In Governor Christie's time the necessity was recognized of having a form of government somewhat less patriarchal than the individual rule of the local governor had been. Accordingly, the Council of Assiniboia was appointed by the Hudson's Bay Company, the president being Sir George Simpson, the Governor of Rupert's Land, and with him fourteen councillors. It may be of interest to give the names of the members of this first Council. Besides the president there were: Alexander Christie, Governor of the Colony; Rev. D. T. Jones, Chaplain H. B. C.; Right Rev. Bishop Provencher; Rev. William Cochrane, Assistant Chaplain; James Bird, formerly Chief Factor, H. B. C.; James Sutherland, Esq.; W. H. Cook, Esq.; John Pritchard, Esq.; Robert Logan, Esq.; Sheriff Alex. Ross; John McCallum, Coroner; John Bunn, Medical Adviser; Cuthbert Grant, Esq., Warden of the Plains; Andrew McDermott, Merchant.

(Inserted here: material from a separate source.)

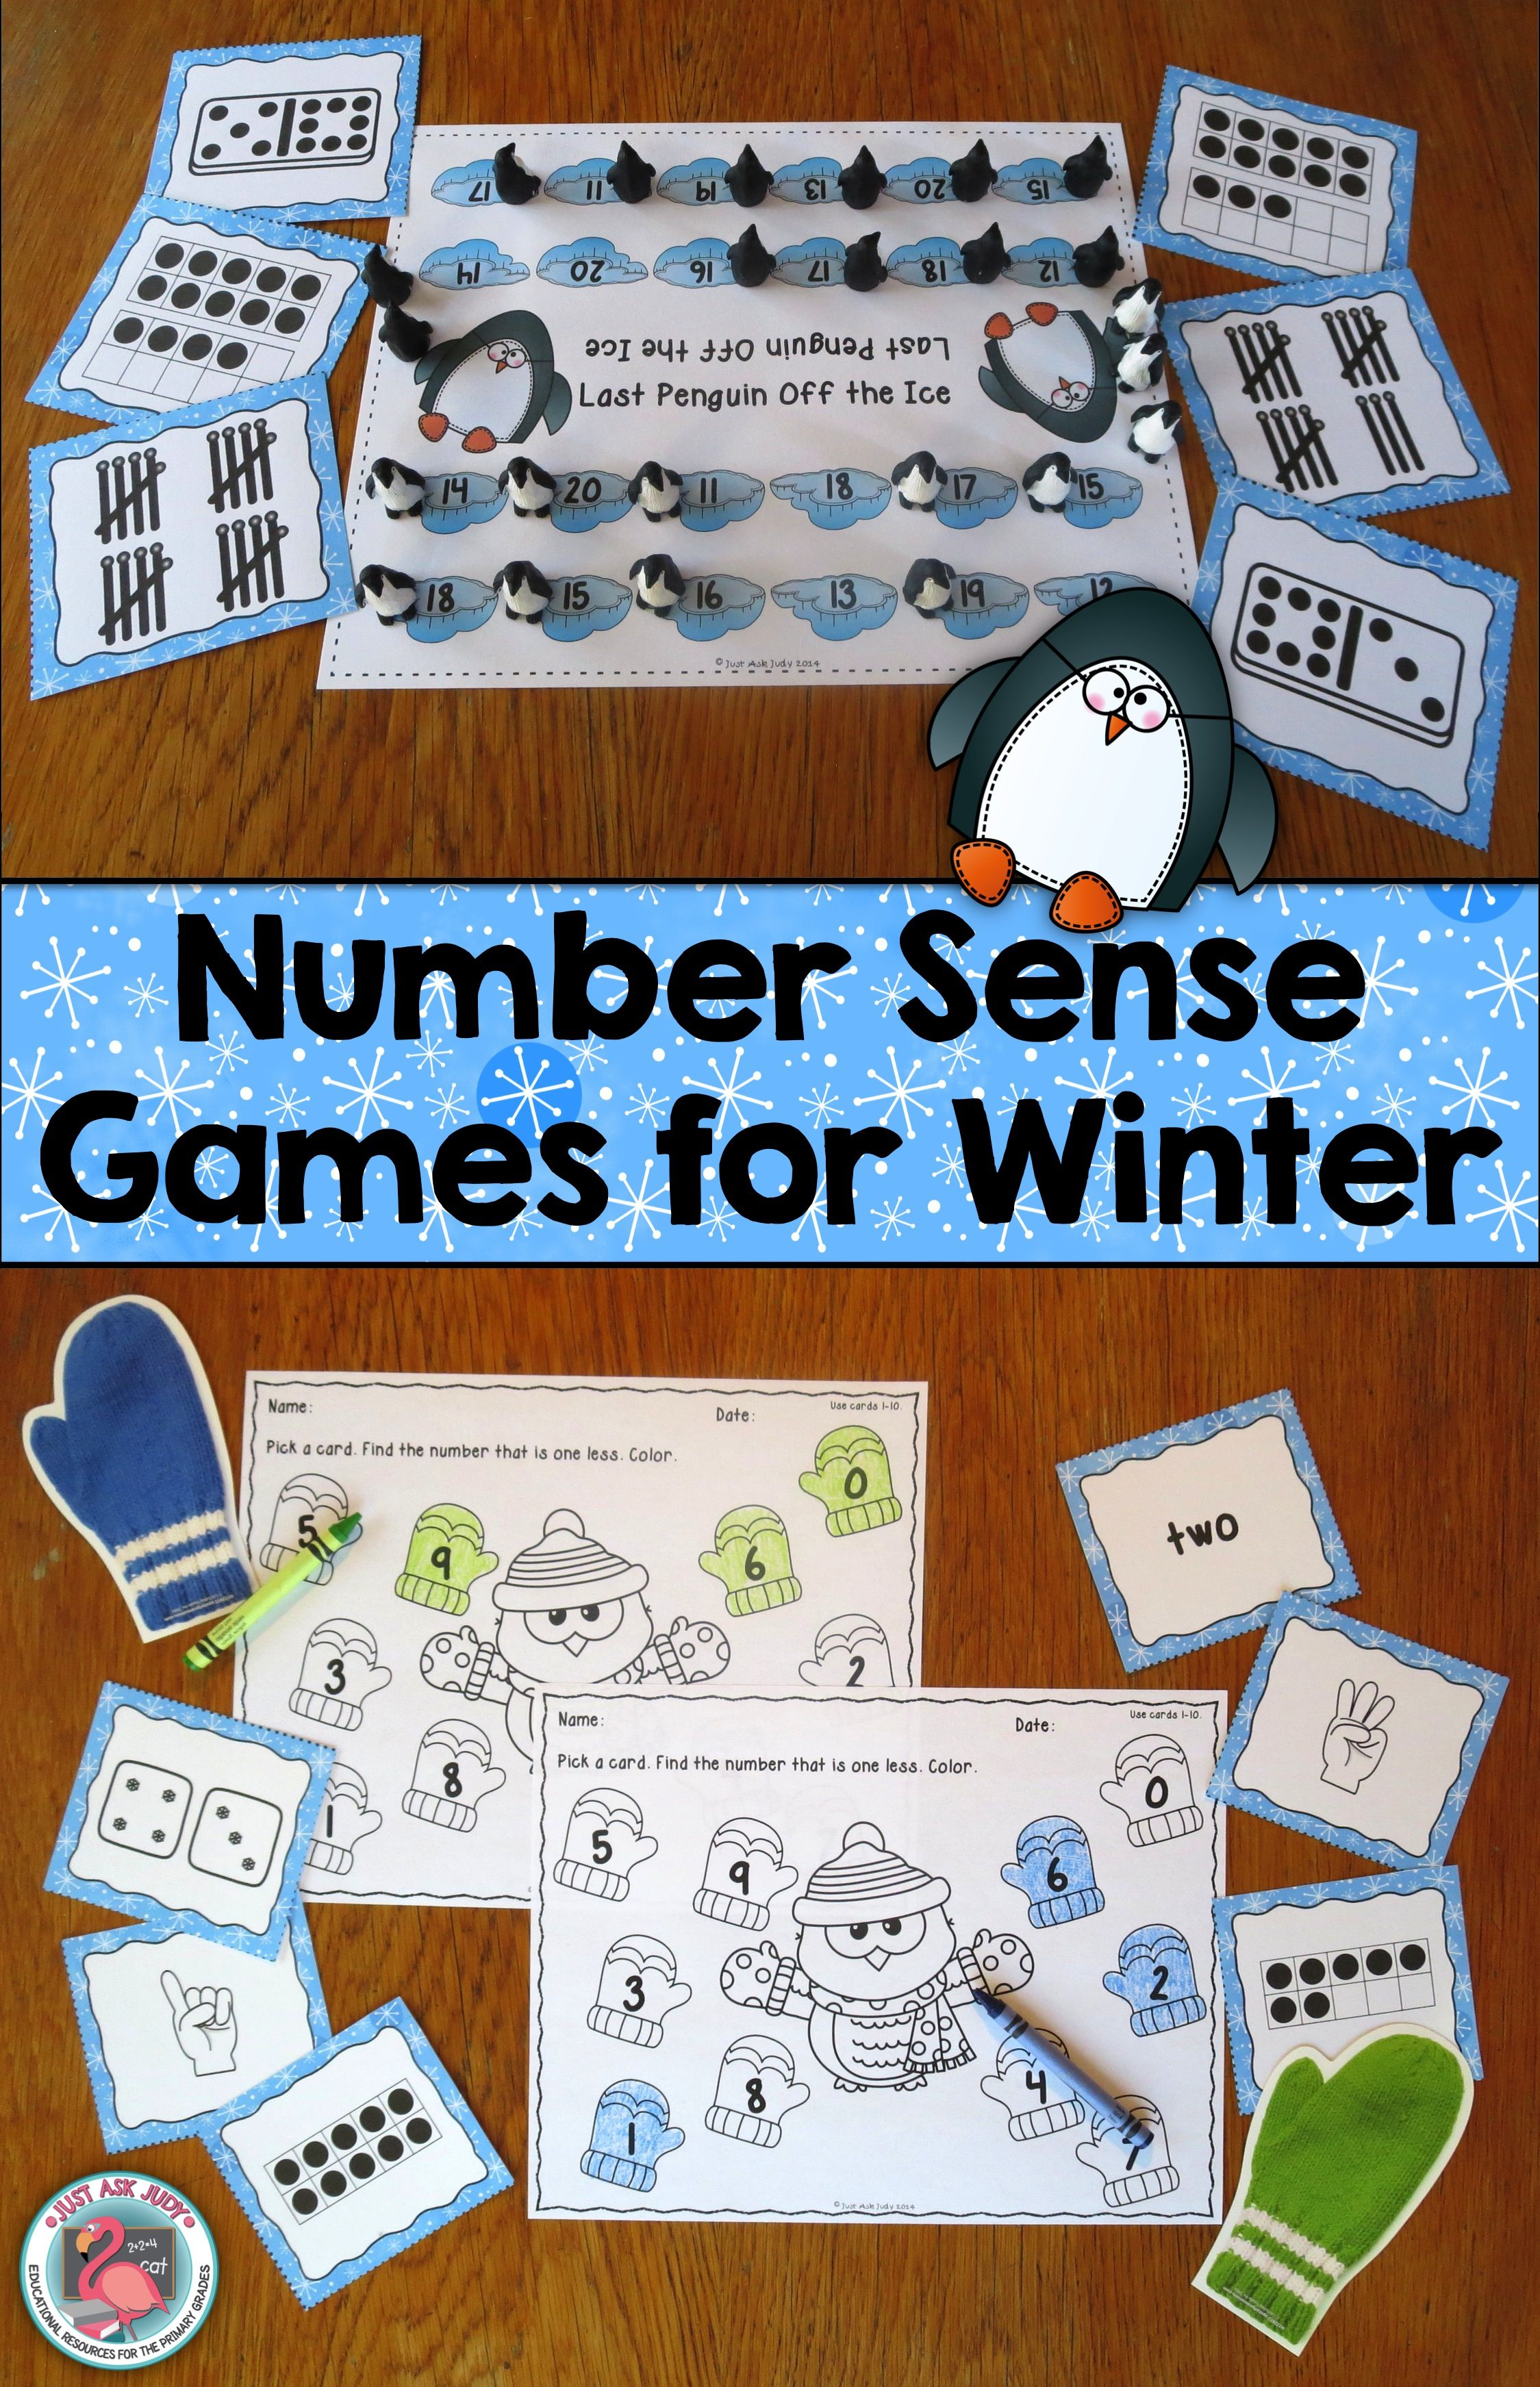 Number Sense Games Winter 0 5 0 10 11 20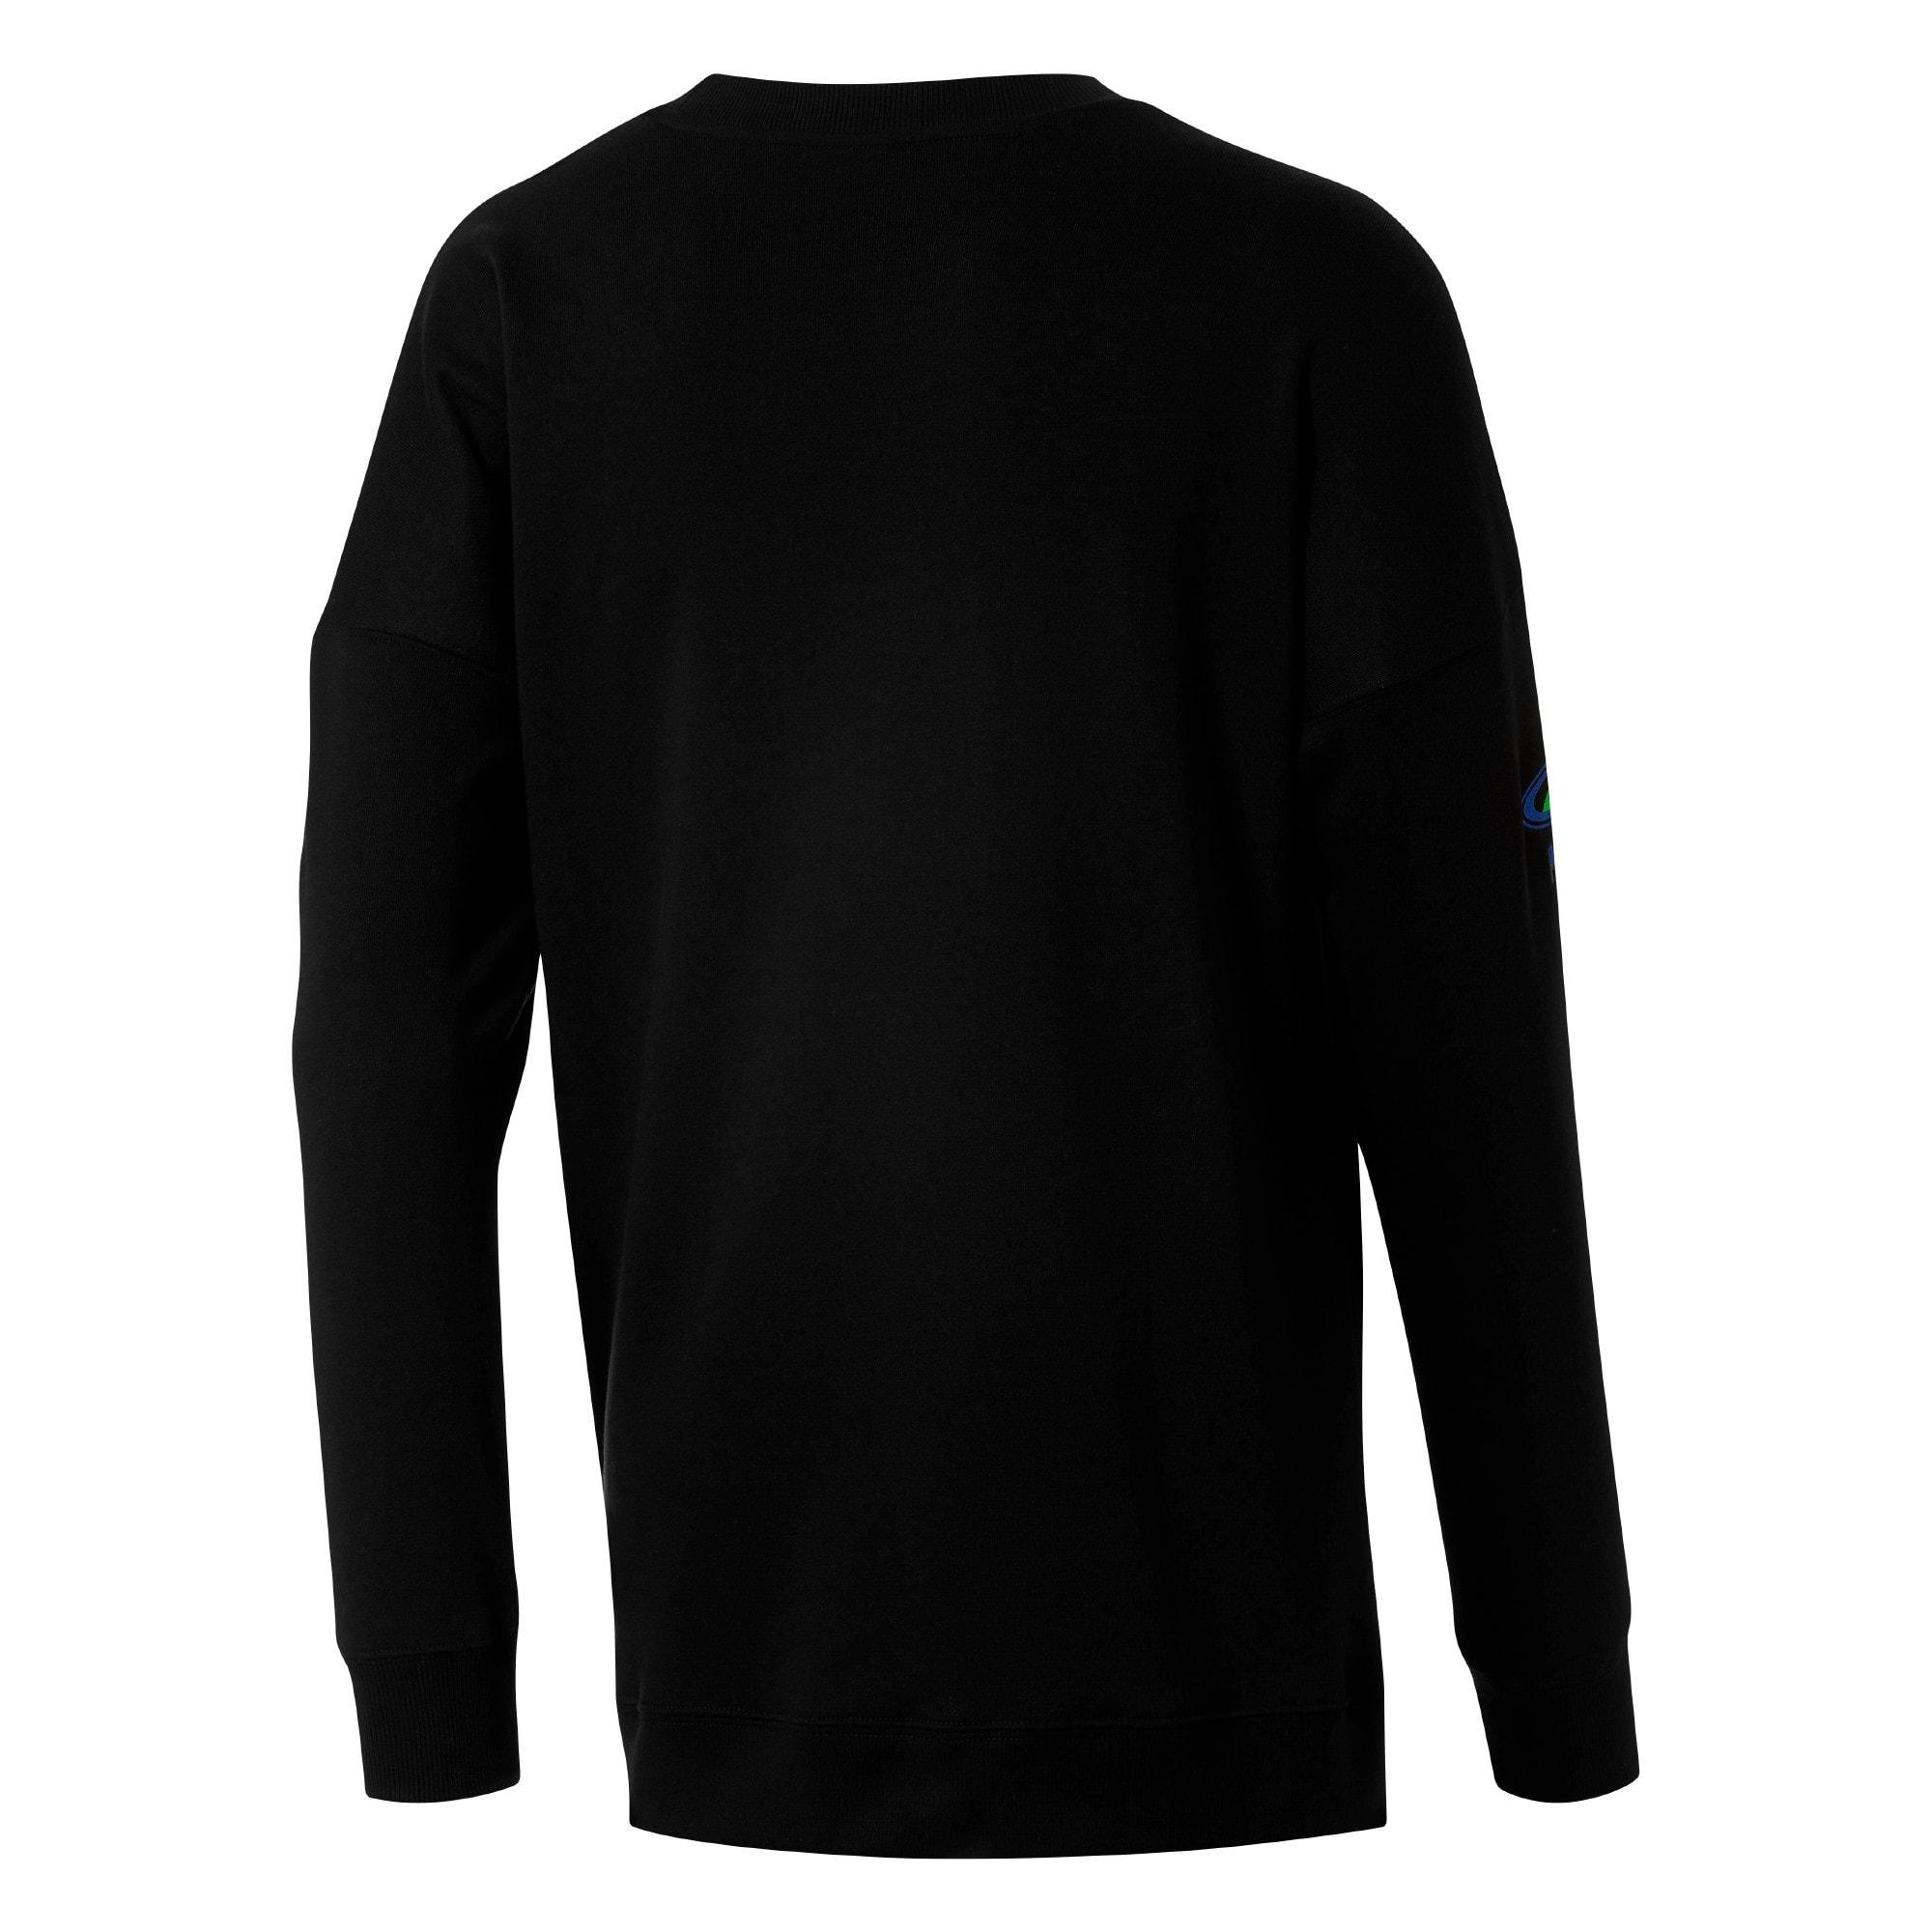 Thumbnail 3 of OG Men's Crewneck Sweatshirt, Puma Black, medium

It is generally conceded, however, that the Council did not satisfy the public aspirations. The president and councillors were all declared either sinecurists or paid servants of the Company. The mass of the people complained at not being represented. It was, however, a step very much in advance of what had been, although there was a suspicion in the public mind that it had something of the form of popular government without the substance.
At the first meeting of the Council a number of measures were passed. To preserve order a volunteer corps of sixty men was organized, with a small annual allowance per man. Of this body, Sheriff Ross was commander. The settlement was divided into four districts, over each of which a Justice of the Peace was appointed, who held quarterly courts in their several jurisdictions. At this court small actions only were tried, and the presiding magistrate was allowed to refer any case of exceptional difficulty to the court of Governor and Council. This higher court sat quarterly also. In larger civil cases and in criminal cases the law required a jury to be called. A jail and court-house were erected outside the walls of Fort Garry. To meet the expense involved under the new institutions a tax of 7-1/2 per cent. duty was levied on imports and a like duty on exports. The Hudson's Bay Company also agreed to contribute three hundred pounds a year in aid of public works throughout the settlement.
The year 1839 was notable in the history of the colony. A new Governor, Duncan Finlayson, was appointed, and steps were taken also to improve the judicial system which had been introduced. An appointment was made of the first recorder for Red River settlement. The new appointee was a young Scottish lawyer from Montreal, named Adam Thom. He had been a journalist in Montreal, was of an ardent and somewhat aggressive disposition, but was a man of ability and broad reading. Judge Thom was, however, a Company officer, and as such there was an antecedent suspicion of him in the public mind. It was pointed out that he was not independent, receiving his appointment and his salary of seven hundred pounds from the Company. In Montreal he had been known as a determined loyalist in the late Papineau rebellion, and the French people regarded him as hostile to their race.